У Шаламова здесь было небольшое преимущество — когда-то, на первом курсе МГУ, он побывал один раз в морге-анатомичке медфака (с целью пополнения «общеобразовательных знаний», как он писал позднее Б. Пастернаку), а кроме того, работая санитаром при лагерных больницах, знал, что такое стерильность, видел, что такое анализы на дизентерию и что такое газовая гангрена (после саморубов у заключенных), и даже знал, как можно симулировать, скажем, кисту на пальце (это было на Аркагале, по подсказке доктора С.М. Лунина, который сделал ему ложную операцию). Кроме того, его образование было все же намного выше необходимого минимума в семь классов, и он без труда сдал вступительные экзамены на курсы (исключая известные проблемы с химией, которую он в школе не проходил из-за ареста учителя во времена Кедрова, — он не знал даже формулы кислорода, но ему, с учетом «пятерок» по русскому языку и математике, поставили за химию «тройку»).
Наверное, Шаламов был самым талантливым из всех слушателей курсов. Но он был и самым старательным и осторожным, потому что чрезвычайно дорожил выпавшей удачей, понимая, что любой, даже нечаянный срыв в учебе или в режиме может повлечь за собой возвращение на зону. «Хотя мне было под сорок лет, я занимался на пределе сил, и физических, и душевных», — отмечал он в очерке «Курсы».
Месяцы, проведенные на 23-м километре, Шаламов считал своим лучшим колымским временем. Здесь кормили, как нигде раньше или позже — за добавкой в столовой можно было подходить даже два раза. Щи, вареная камбала, пшенная каша, хлеб — все это сметалось моментально. И главная надежда Шаламова связывалась не с тем, что он может стать «лепилой», как на блатном языке называли врачебный состав, и дотянуть срок (такова была практическая цель всех курсантов), а с тем, что он может снова стать человеком. Это значило для него тогда не так много — «кое-кому помочь, а кое с кем свести счеты десятилетней давности». С одной стороны — вернуть подаяния, с другой — пощечины. Это вполне в духе шаламовской морали. Но до такого ее понимания, а тем более — до литературного преломления — на курсах было еще очень далеко. Надо было вернуться сначала к нормам цивилизации, а это было непросто. «Получеловека», вчерашнего доходягу, приискового «шлака», в нем долго выдавала, как и у других курсантов, привычка подбирать окурки и прятать их в кулак или в рукав, чего никак не могли понять интеллигентные врачи…

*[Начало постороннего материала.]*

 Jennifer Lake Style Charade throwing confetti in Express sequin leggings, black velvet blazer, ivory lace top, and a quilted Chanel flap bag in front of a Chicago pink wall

Очерк «Курсы» — как и почти все, связанное с лагерной медициной, — у Шаламова строго документален. Все фамилии преподавателей, профессоров и слушателей — реальные. Разумеется, Шаламов не мог знать полную историю злоключений блиставшего на лекциях профессора Якова Соломоновича Меерзона, но, что тот был одним из лучших учеников знаменитого русского хирурга, будущего лауреата Сталинской премии С.И. Спасокукоцкого, он знал. Меерзон, попавший на Колыму за то, что был родственником расстрелянного командарма И.Э. Якира, больше всего запомнился ему лекцией «об ответственности хирурга, о воле хирурга, о необходимости сломать волю больного», а также об особой для рук хирурга стерильной безупречности. «Мы делались медиками благодаря Меерзону», — писал Шаламов. Постулаты суровой радикальной профессии стали одним из открытий для него не только как будущего фельдшера, но и, думается, как писателя. «Сломать волю больного», то есть благодушного читателя, раскрыть ему глаза на то, как жестоко могут обращаться люди с себе подобными, через боль «вылечить» этим пониманием и сделать все исключительно «стерильно», без дурмана эмоций — разве это не от уроков хирургии?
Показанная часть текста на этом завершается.